We Fight: Three Decades of Rebellion Against the Police
Detritus Books ($13.12)
Available here
The essays in this collection are on-the-ground reportage from activists in anti-police demonstrations. They range from the Rodney King riots in Los Angeles during 1992, all the way to the Jacob Blake protests in Kenosha, Wisconsin a few years ago, and the resulting Kyle Rittenhouse shooting. Included in this timespan are the killings of Oscar Grant, Kimani Gray, Jesus Huerta, Michael Brown, and George Floyd, along with several others. The table of contents alone should be enough to convince you that this country has a problem with policing.
The writers in We Fight are more interested in outlining and decrying the police problem, rather than making solutions. A thousand-page anarchist synthesis of history and economics with a thorough index this is not (there are plenty of those already). Instead, these are livewire gonzo eyewitness accounts from young people inspired to action after instances of police brutality in their hometowns. This book could be described as propaganda, using the non-pejorative definition of the term: literature meant to influence opinion and inspire support for a cause. While there is a fair amount of thought given in the sidelines of the text to the question of whether violence can ever be politically justified, the focus of these essays is always personal, practical, and coming from an intrinsically anarchist point of view.
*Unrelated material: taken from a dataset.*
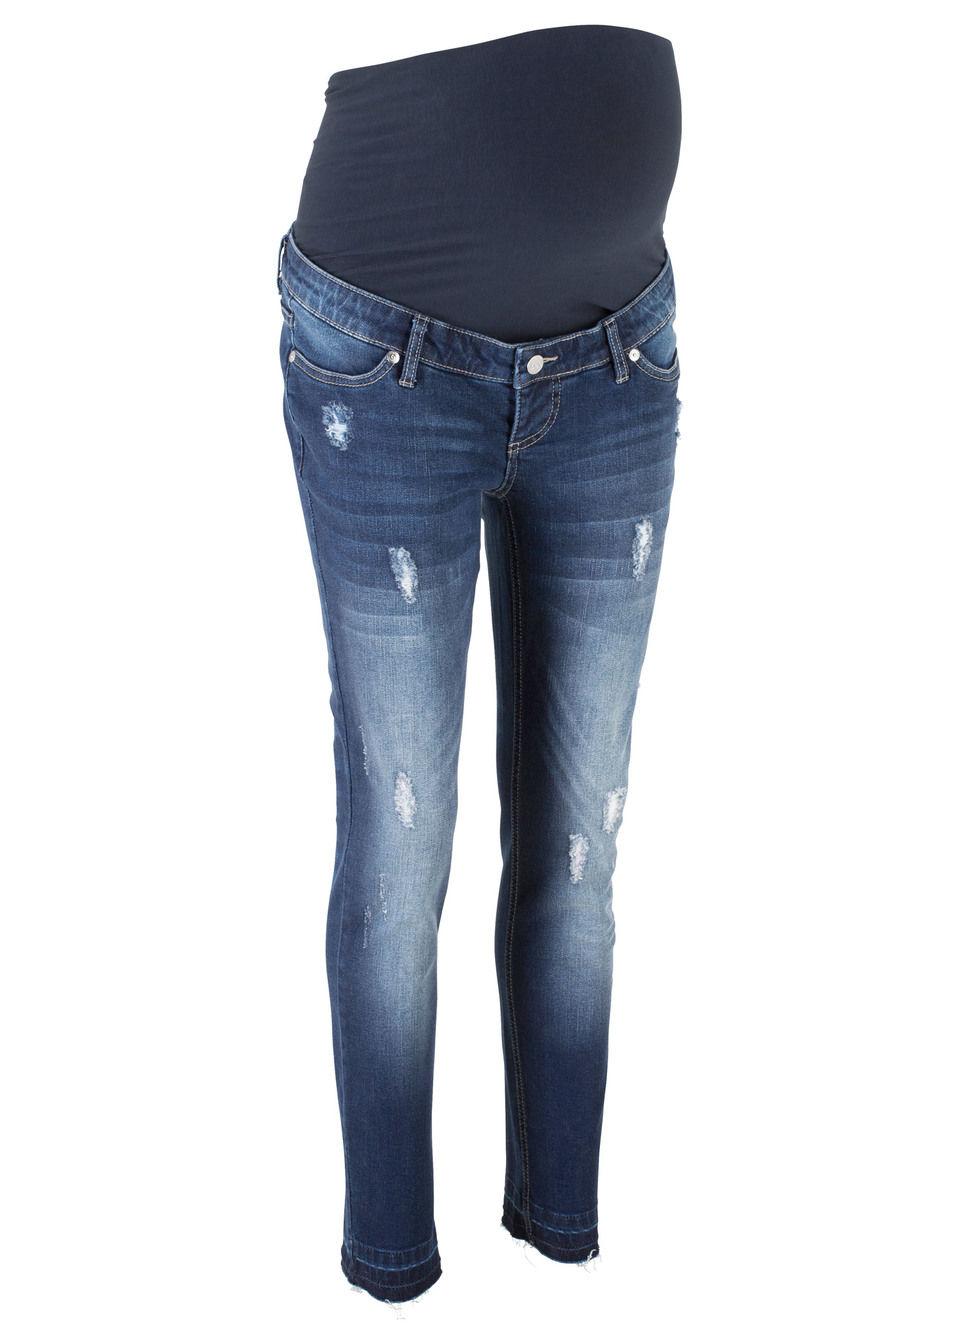 Jeans gravide bonprix

Nonetheless, I think this book is a good read for someone from any political background. There has been a great amount of media attention to “black bloc” demonstrators involved in protests, but hardly any word from said demonstrators, largely due to their fear of the consequences to being doxxed. The essays in this book come straight from the mouths of these people, unfiltered; if you ever wondered where they were coming from, or afraid of what their goals were, you should read something from the source. It’s important when forming a stable political opinion to consider many varied beliefs, and the stance taken in We Fight is one not often available from the major publishing houses, likely for its extremity.
Ultimately, this book should be engaging even for the politically apathetic reader. The situation, being an active rioter in conflict with the police, is one that many of us cannot imagine, and yet also one we can’t look away from when confronted with on TV. These are energized accounts from the scene of a struggle; that struggle, the future of our country. This review should end with one of the quotes that gave me pause:
“The police are wedged in the tension between precarity and legitimacy. They exist to police surplus populations but they also produce those populations through the legitimacy of their violence. They choose whose lives are literally disposable.”